Similarly, Ruby Kumari v. Krishna Assets Developers stated that homebuyers who purchased residential flat are financial creditors and defaulting on refund creates a valid ground for initiation of CIRP, no further deliberation on the time value of money and the circumstantial facts of the case were made.

Lastly, Sunil Handa v. Today Homes Noida India held that solely on the ground that there is the default on the part of the developer/builder on refund of money or delivering of possession, the statutory position of the financial creditor gets automatically filled. The financial creditor is now directly associated to that of the allottee rather than the amount being a financial debt.

Looking at the above precedents it can be said that, it is either the deeming commercial effect or the money received from an allottee that makes the amount a financial Debt.

The impact created from this is the disparity between different applicants. As noted above, the debts were allowed to be admitted even without TMV, whereas we have also noted multiple judgments indicating TMV as a pre-requisite for an application under Section 7 of the Code.


At the offset, problem does not glare itself out. It is only when the shell breaks, the true gravity of the lacuna created by courts can be understood.
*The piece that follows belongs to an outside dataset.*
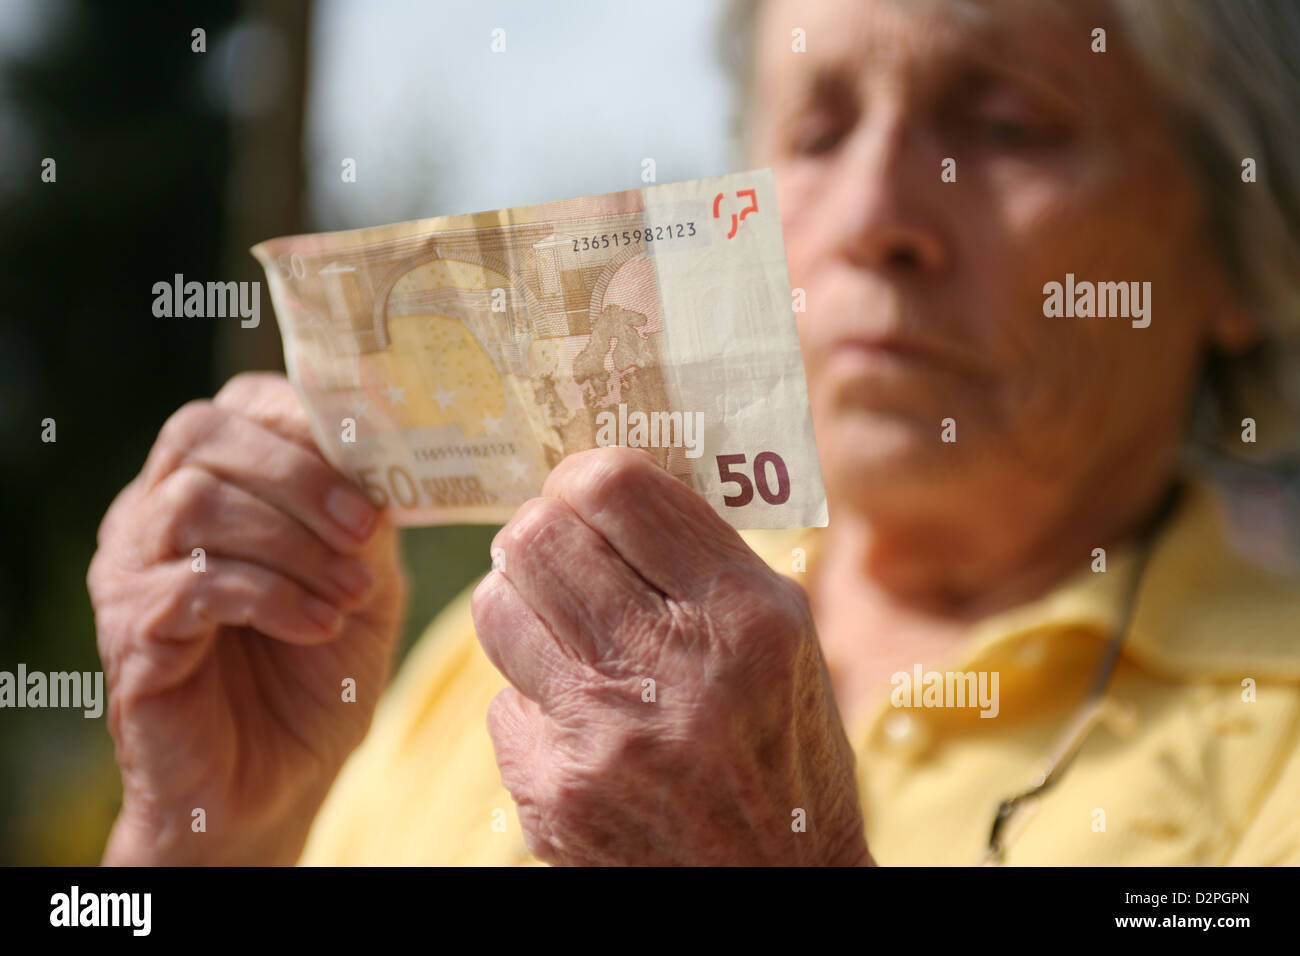 Berlin, Germany, the hands of a pensioner with a Euro bill Stock Photo

While on one hand, we have had tribunals/courts strongly applying and adhering to the requirements of Section 5(8) (f) of the Code and making TMV an indispensable element. But on the other hand we have seen courts/tribunal taking a lenient approach on TMV following a chain of unavoidable conclusions after it, i.e., the amount being a financial debt and the person claiming it a financial creditor.

Therefore, there lies a lacuna on concretisation and application of the law in the light of multiple theories prevalent in the current system. The problem being that two different sets of judgments going in two different directions, making the application of TMV even more unclear and a vague. The weightage of the time value of money while ascertaining the claim of financial debt is the current debate

After going through majority of the existing jurisprudence on the said contention, it would not be unwise to take the definitional standard and consider TMV as an essential even in the light of compelling amendments. TMV is the sundering component between financial debt and operational debt. Overlooking such effects can have critical misinterpretations far worse for commerce and industry.